让我们填充并执行以下命令来创建包含这些详细信息的参数。
apiKey 和 apiSecret 参数
:param apiKey => ("<api-key-here>");
:param apiUrl => ("<api-url-here>");
或者,我们可以将这些凭据添加到 apoc.conf 中,并使用静态值存储函数检索它们。请参阅 静态值存储
apoc.static.azure.apiKey=<api-key-here>
apoc.static.azure.apiUrl=<api-url-here>
apoc.conf 中检索 AWS 凭据
RETURN apoc.static.getAll("azure") AS azure;
| azure |
|---|
{apiKey: "<api-key-here>", apiUrl: "<api-url-here>"} |
示例
本节中的示例基于以下示例图
CREATE (:Article {
uri: "/blog/pokegraph-gotta-graph-em-all/",
body: "These days I’m rarely more than a few feet away from my Nintendo Switch and I play board games, card games and role playing games with friends at least once or twice a week. I’ve even organised lunch-time Mario Kart 8 tournaments between the Neo4j European offices!"
});
CREATE (:Article {
uri: "https://en.wikipedia.org/wiki/Nintendo_Switch",
body: "The Nintendo Switch is a video game console developed by Nintendo, released worldwide in most regions on March 3, 2017. It is a hybrid console that can be used as a home console and portable device. The Nintendo Switch was unveiled on October 20, 2016. Nintendo offers a Joy-Con Wheel, a small steering wheel-like unit that a Joy-Con can slot into, allowing it to be used for racing games such as Mario Kart 8."
});
实体提取
首先,让我们从一个 Article 节点提取实体。我们要分析的文本存储在节点的 body 属性中,因此我们需要通过 nodeProperty 配置参数指定它。
MATCH (a:Article {uri: "/blog/pokegraph-gotta-graph-em-all/"})

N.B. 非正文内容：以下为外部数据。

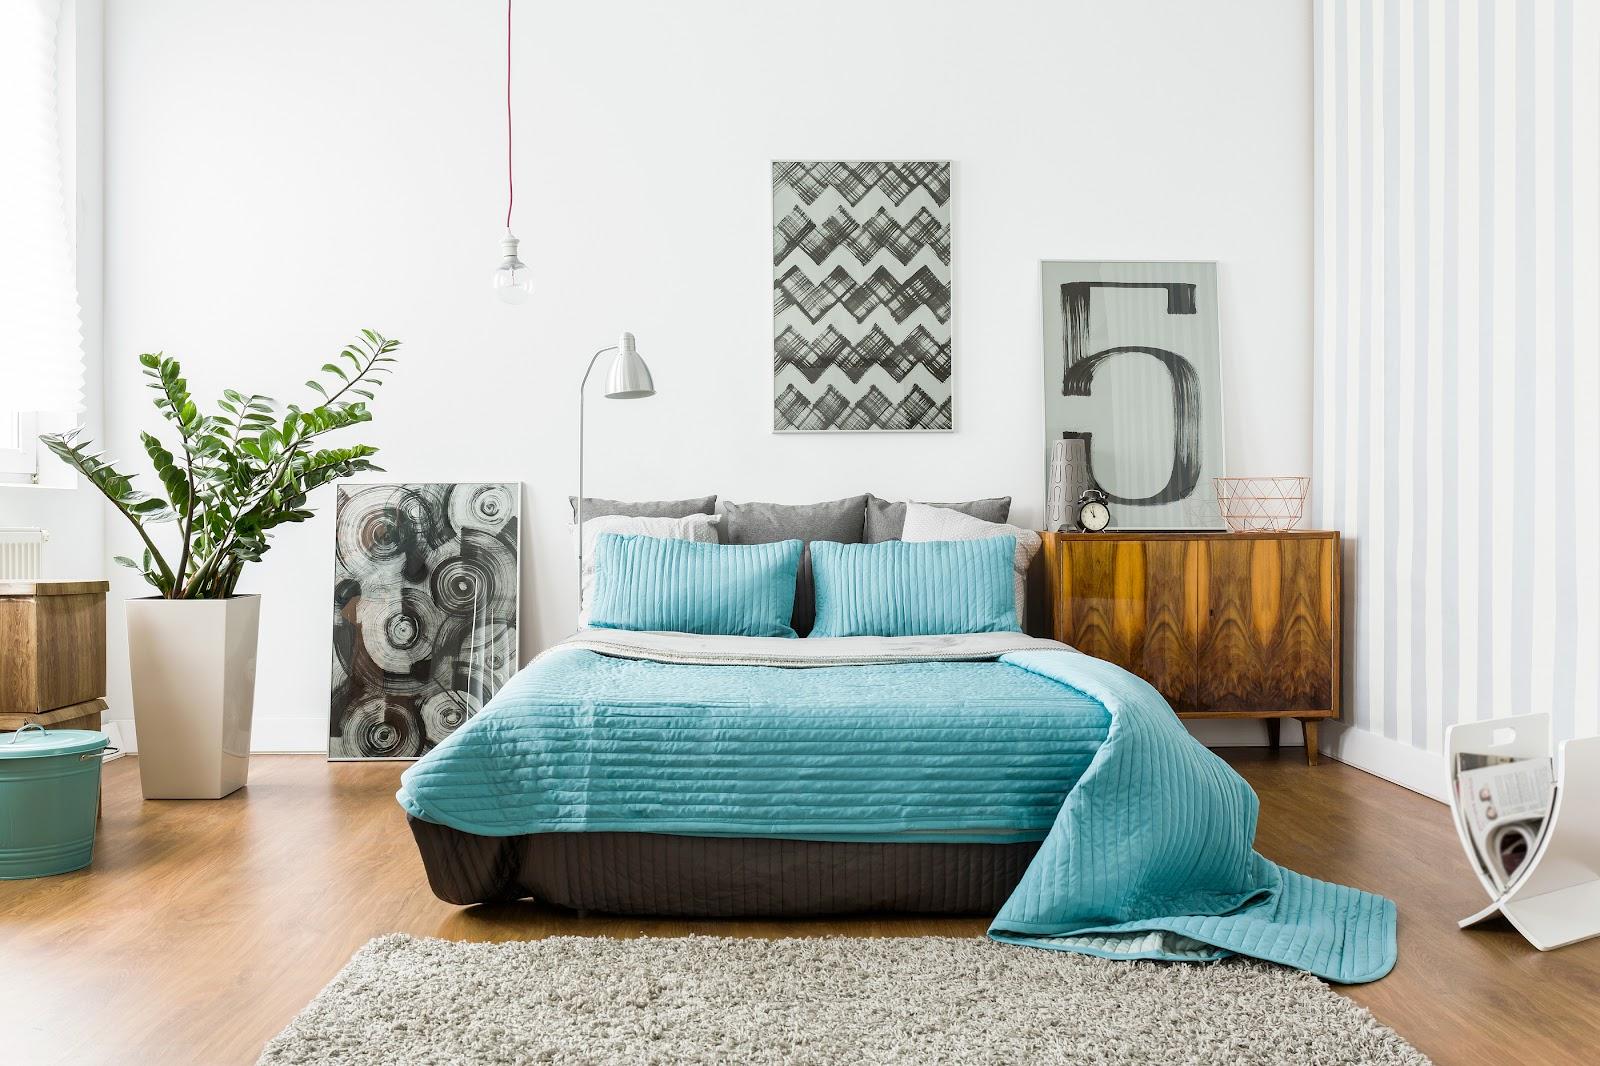 bigstock-Cozy-Bedroom-In-Modern-Design-114217715.jpg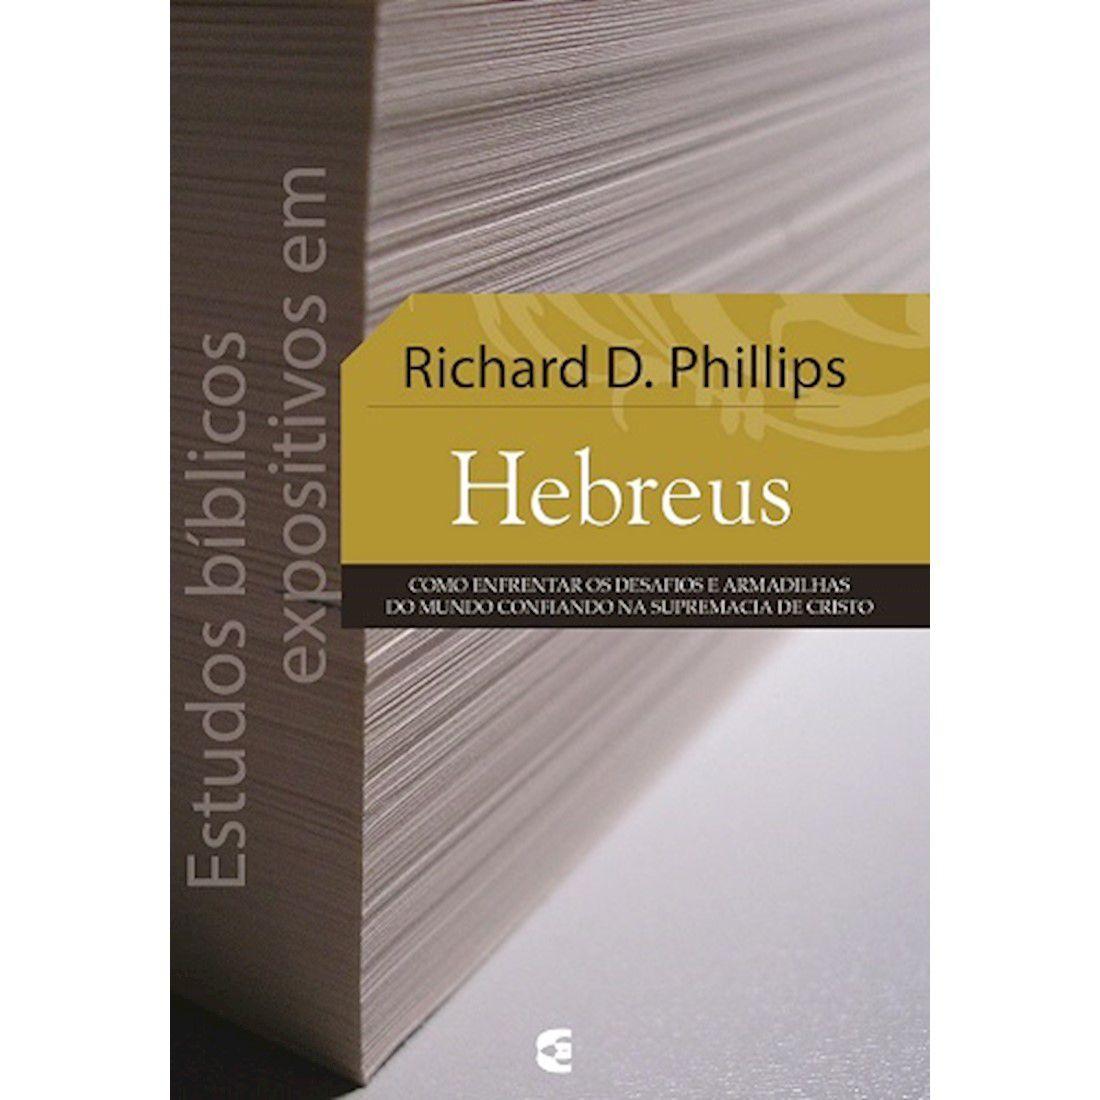 Livro Estudos Bíblicos Expositivos em Hebreus

CALL apoc.nlp.azure.entities.stream(a, {
key: $apiKey,
url: $apiUrl,
nodeProperty: "body"
})
YIELD value
UNWIND value.entities AS entity
RETURN entity;
| 实体 (entity) |
|---|
{name: "Nintendo Switch", wikipediaId: "Nintendo Switch", type: "Other", matches: [{length: 15, text: "Nintendo Switch", wikipediaScore: 0.8339868065025469, offset: 56}], bingId: "b3d617ef-81fc-4188-9a2b-a5cf1f8534b5", wikipediaLanguage: "en", wikipediaUrl: "https://en.wikipedia.org/wiki/Nintendo_Switch"} |
{name: "Nintendo Switch", type: "Organization", matches: [{length: 15, entityTypeScore: 0.94, text: "Nintendo Switch", offset: 56}]} |
{name: "Oberon Media", wikipediaId: "Oberon Media", type: "Organization", matches: [{length: 6, text: "I play", wikipediaScore: 0.032446316016667254, offset: 76}], bingId: "166f6e0f-33b7-8707-bb8b-5a932c498333", wikipediaLanguage: "en", wikipediaUrl: "https://en.wikipedia.org/wiki/Oberon_Media"} |
{name: "a week", subType: "Duration", type: "DateTime", matches: [{length: 6, entityTypeScore: 0.8, text: "a week", offset: 166}]} |
{name: "Mario Kart 8", wikipediaId: "Mario Kart 8", type: "Other", matches: [{length: 12, text: "Mario Kart 8", wikipediaScore: 0.7802000593632747, offset: 205}], bingId: "ce6f55ec-d3d7-032a-0bf8-15ad3e8df3f4", wikipediaLanguage: "en", wikipediaUrl: "https://en.wikipedia.org/wiki/Mario_Kart_8"} |
{name: "Mario Kart", type: "Organization", matches: [{length: 10, entityTypeScore: 0.72, text: "Mario Kart", offset: 205}]} |
{name: "8", subType: "Number", type: "Quantity", matches: [{length: 1, entityTypeScore: 0.8, text: "8", offset: 216}]} |
{name: "Neo4j", wikipediaId: "Neo4j", type: "Other", matches: [{length: 5, text: "Neo4j", wikipediaScore: 0.8150388253887939, offset: 242}], bingId: "bc2f436b-8edd-6ba6-b2d3-69901348d653", wikipediaLanguage: "en", wikipediaUrl: "https://en.wikipedia.org/wiki/Neo4j"} |
{name: "Europe", wikipediaId: "Europe", type: "Location", matches: [{length: 8, text: "European", wikipediaScore: 0.00591759926701263, offset: 248}], bingId: "501457aa-5b70-cfba-cfd8-be882b4bac1e", wikipediaLanguage: "en", wikipediaUrl: "https://en.wikipedia.org/wiki/Europe"} |
我们得到了 9 个不同的实体,尽管我们可以看到其中一些指的是相同的事物,只是 type 值不同。我们可以应用一个 Cypher 语句,为每个实体创建一个节点,并从这些节点向 Article 节点创建一条 ENTITY 关系。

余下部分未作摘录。